Going beyond conventional social work

What do you remember about your childhood?

I cannot help but laugh when I remember how naughty I was. I have a twin sister and when we were little we looked exactly alike. I used to do many mischievous things and blame my sister. But as a teenager, I became more serious and started studying hard.

What made you choose Social Work as a career?

When I had to go to college I was nervous about having all the lectures and exams are in English. I chose to get a BA in Economics because I felt that in this field English would not be such a big problem and I was good in math. Later I decided to follow my dad’s example — he is very involved in social work. Both my parents are progressive and socially concerned. I’ve also greatly admired Mother Teresa. In fact at one point, although I am Hindu, I wanted to become a nun at the Missionaries of Charity.

What do you like most about your job?

I first started as the Social Development Manager and was in-charge of all the social programs for the artisans. The thing I appreciated most was the philosophy of SHARE where the women are asked to identify the problems and are greatly involved in the design of the programs. This is not traditional social work. It is much more challenging and you have to listen really carefully to what the women are saying and almost read between the lines. It is a collaboration in the very best sense.

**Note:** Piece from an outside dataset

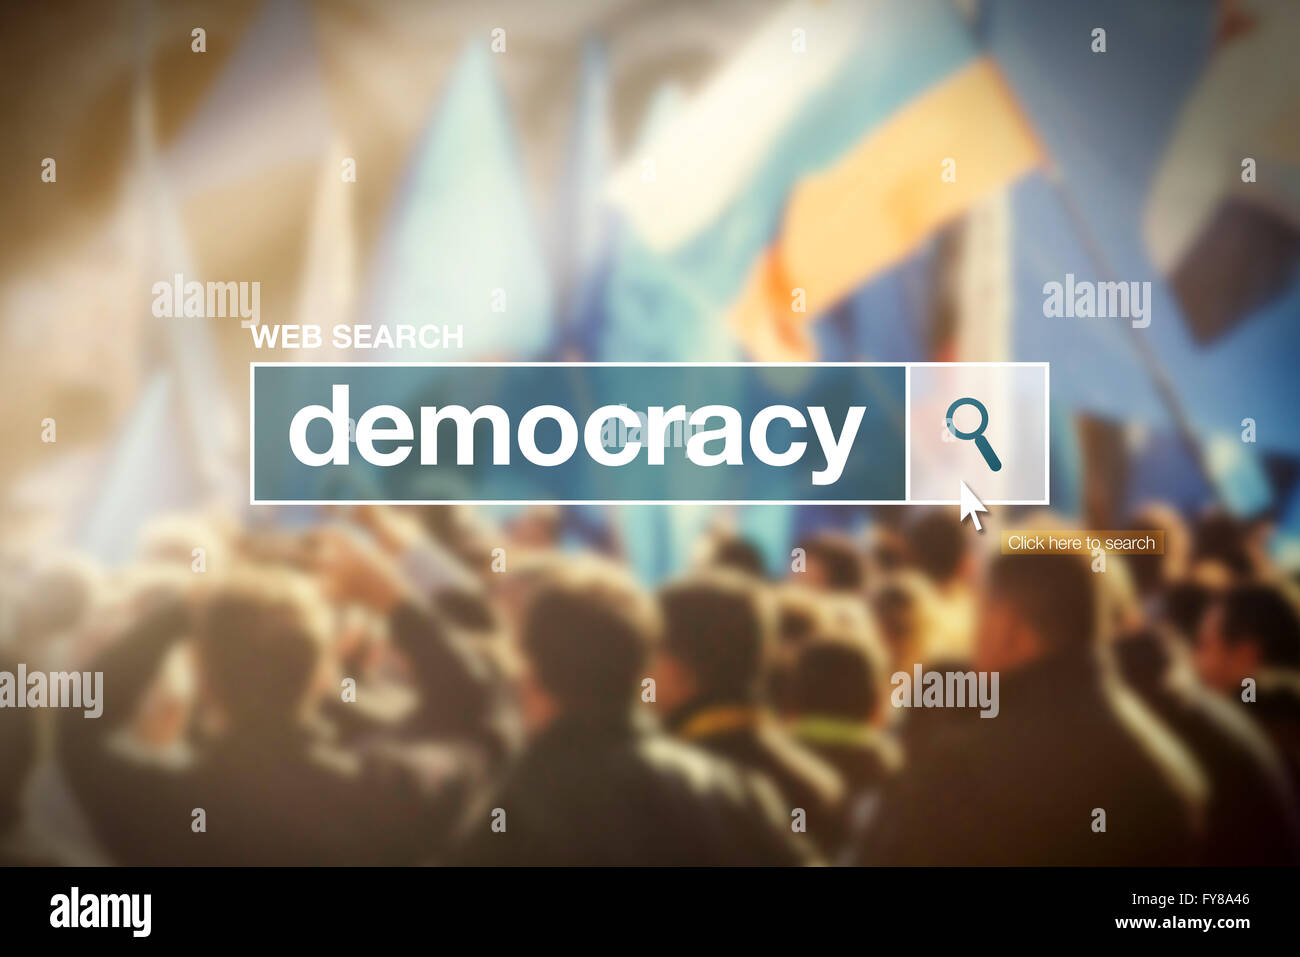 Web search bar glossary term - democracy definition in internet glossary. Stock Photo
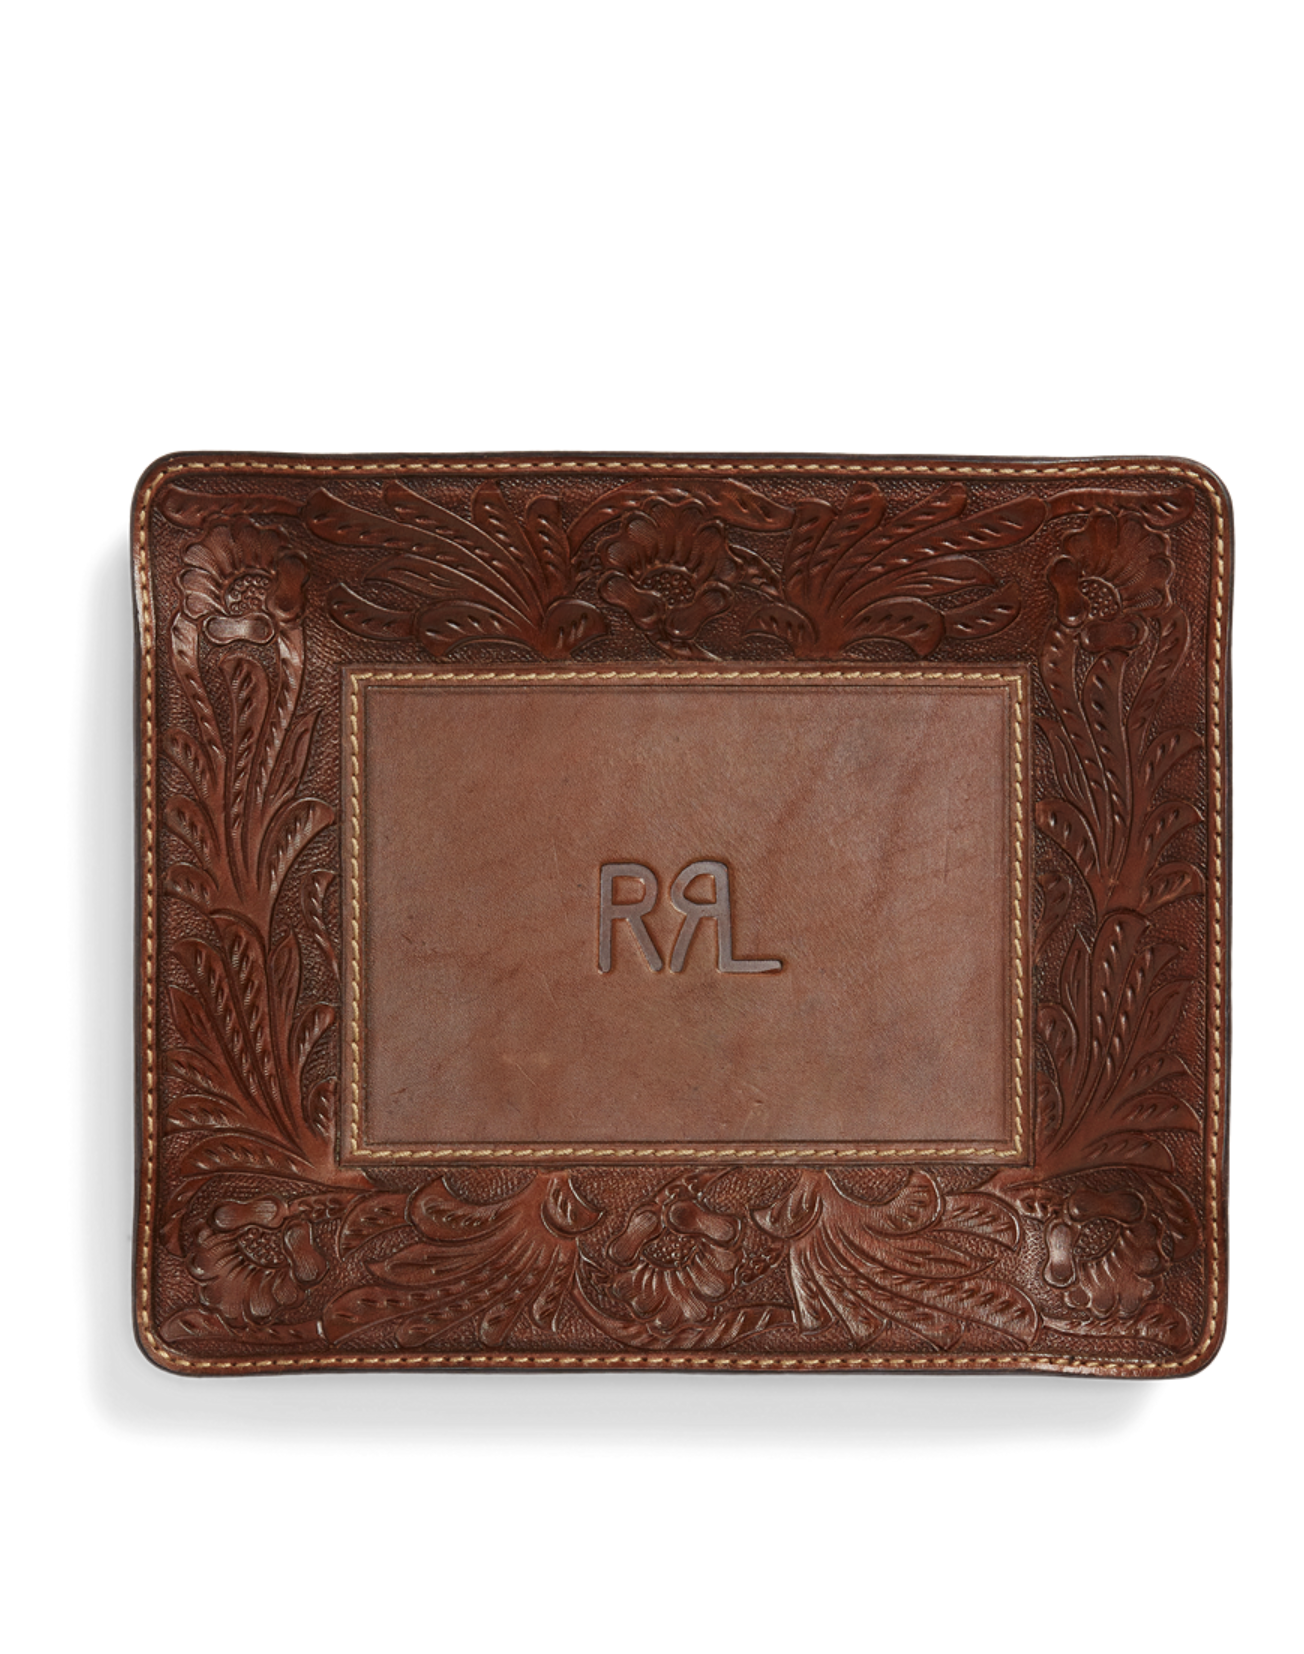 RRL Leather Valet Tray

What have you learned though your work?

Oh, I have learned so much. While working on the social programs, I realized how important the economic aspect was. Aashiyana is a small group, which was having a hard time planning their work and reaching the levels of quality required. I asked to be given the responsibility of working with them on these problems. I enjoyed that so much and was probably doing a good job because I was given the responsibility of working on production planning and quality control for all of the cooperatives. I really and truly enjoy my job.